The history of suits in politics is long and storied: from a former president's "shocking" tan suit to other world leaders and their suspiciously impeccable, tailored appearance. As one UK leader learned, the suit doesn't just dress the politician; it has the potential to characterize them.
Performance of Banality and Protective Armor
Perhaps the point is what one academic calls the "performance of ordinariness", invoking the suit's historical role as a uniform of political power. Mamdani's particular choice leverages a deliberate understatement, not too casual nor too flashy—"respectability politics" in an inconspicuous suit—to help him appeal to as many voters as possible. But, experts think Mamdani would be cognizant of the suit's historical and imperial legacy: "The suit isn't neutral; historians have long noted that its contemporary origins lie in military or colonial administration." It is also seen as a form of defensive shield: "I think if you're a person of color, you aren't going to get taken as seriously in these traditional institutions." The suit becomes a way of asserting credibility, particularly to those who might question it.
Such sartorial "changing styles" is hardly a recent phenomenon. Even iconic figures once donned formal Western attire during their early years. These days, certain world leaders have started exchanging their typical military wear for a black suit, albeit one without the tie.
"In every seam and stitch of Mamdani's public persona, the tension between insider and outsider is apparent."
The attire Mamdani chooses is deeply significant. "Being the son of immigrants of South Asian heritage and a progressive politician, he is under pressure to conform to what many American voters look for as a sign of leadership," says one author, while at the same time needing to walk a tightrope by "avoiding the appearance of an elitist betraying his non-mainstream roots and values."
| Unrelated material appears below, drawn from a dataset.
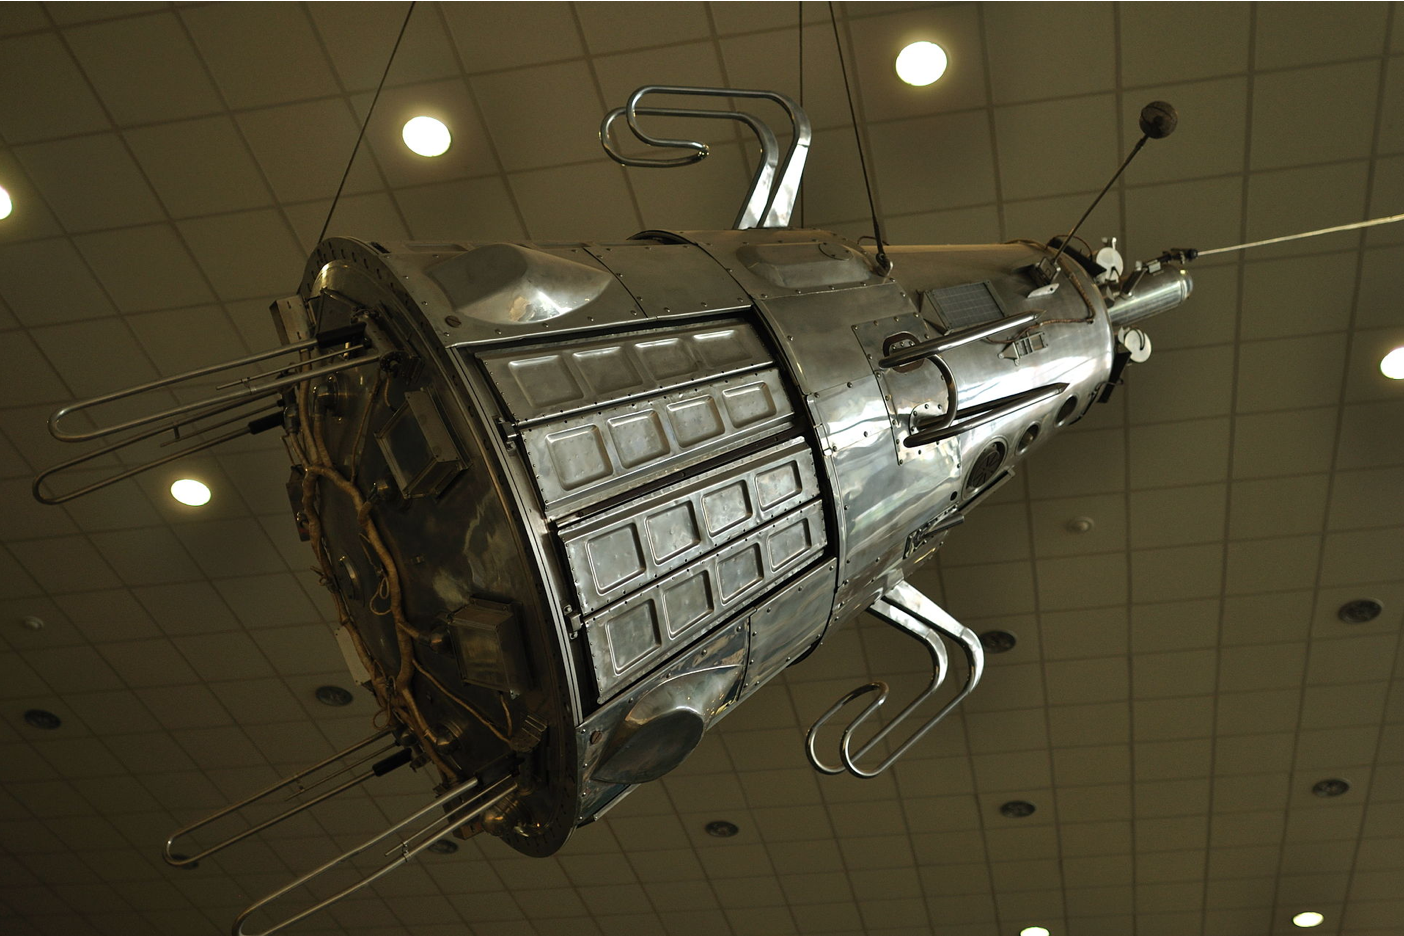 Model of Sputnik 3 on display at the Konstantin E. Tsiolkovsky State Museum of the History of Cosmonautics in Kaluga, Russia. I

But there is an sharp awareness of the different rules applied to suit-wearers and what is read into it. "That may come in part from Mamdani being a millennial, able to adopt different identities to fit the occasion, but it may also be part of his diverse background, where adapting between languages, traditions and clothing styles is common," commentators note. "White males can remain unremarked," but when others "attempt to gain the power that suits represent," they must meticulously navigate the codes associated with them.
In every seam of Mamdani's official image, the dynamic between belonging and displacement, inclusion and exclusion, is evident. I know well the awkwardness of trying to conform to something not built for me, be it an inherited tradition, the culture I was born into, or even a suit. What Mamdani's sartorial choices make evident, however, is that in politics, appearance is never without meaning.